Climate variability affects the magnitude of underestimation of the CO2 fertilization effect by the gm-lacking simulations, which is seen as interannual variations in ΔCFE (Fig. 1 A and B). The relationship between ΔCFE and CO2 also varies spatially (Fig. 1 B and C). The global trend is mostly contributed by the tropics (15°S to 15°N) and the boreal and arctic regions (>45°N). However, essentially all regions with vegetation activity have a positive relationship between ΔCFE and CO2, suggesting that the need for representing mesophyll diffusion to correctly model the CO2 fertilization effect is universal.

The results based on the analysis of R likewise indicate that models lacking gm underestimate the degree of CO2 fertilization. R is consistently larger than 1 for the globe as well as for all latitudinal bands in northern and southern hemispheres (Fig. 2).
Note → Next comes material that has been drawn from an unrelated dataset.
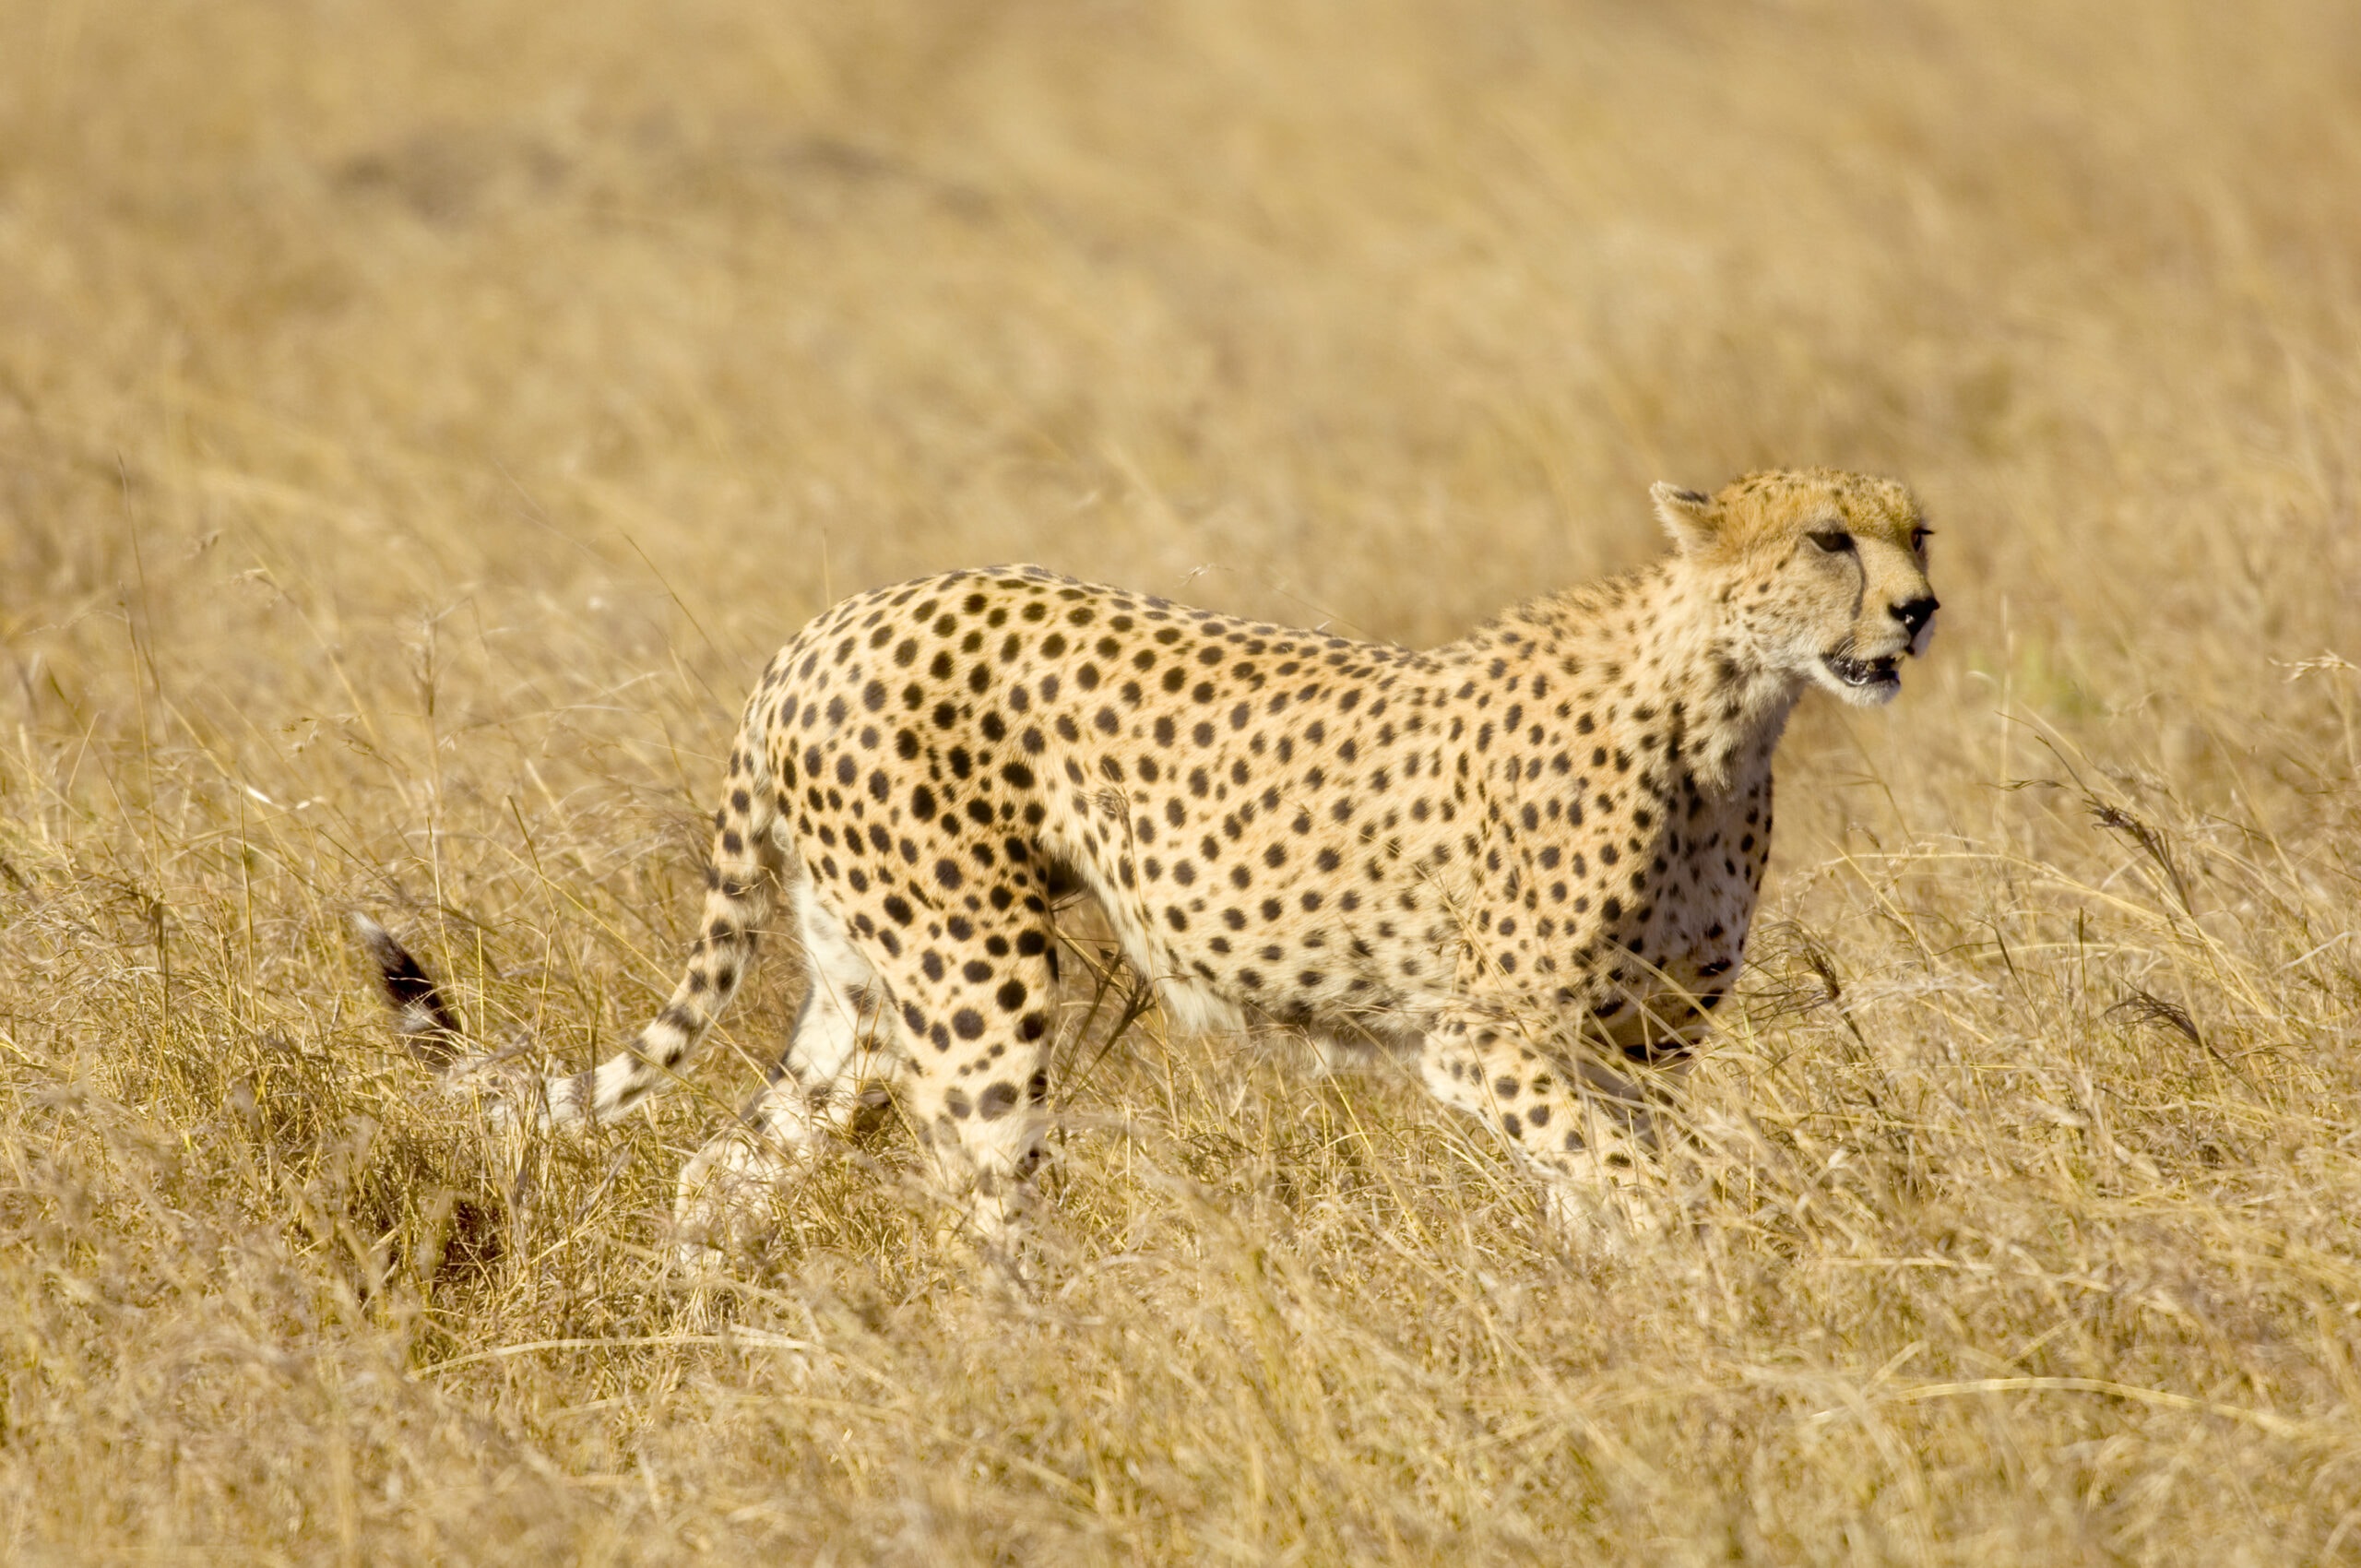 cheetah masai mara kenya 2021 08 26 18 00 22 utc 2 scaled

It is larger for the boreal and arctic regions, indicating that in a relative sense, the simulated CO2 fertilization effect in high latitudinal regions is more sensitive to the consideration of mesophyll diffusion than in lower latitudinal regions. This latitudinal trend in R can be explained by the generally lower temperatures and increased presence of needleleaf evergreen trees in higher latitudes, both factors leading to smaller mesophyll conductance (SI Text and Fig. S1) and therefore larger sensitivity of modeled CO2 fertilization to the representation of mesophyll diffusion.

Fig. 2.

Fig. 2.

Changes with atmospheric CO2 concentration of the global and latitudinal ratio (R) of the β factors calculated with CLM4.5 between including and lacking explicit consideration of mesophyll conductance (gm). R fluctuates erratically for the first half of the 20th century when the atmospheric CO2 is close to the baseline reference of 296 ppm in 1901, causing the denominator of R to vary around zero. Therefore, values of R when the atmospheric CO2 is less than 320 ppm are not shown. The dashed line at R = 1 separates the underestimation (R > 1) from the overestimation (R < 1) of the CO2 fertilization effect on gross primary production by CLM4.5 lacking gm compared with CLM4.5 including gm.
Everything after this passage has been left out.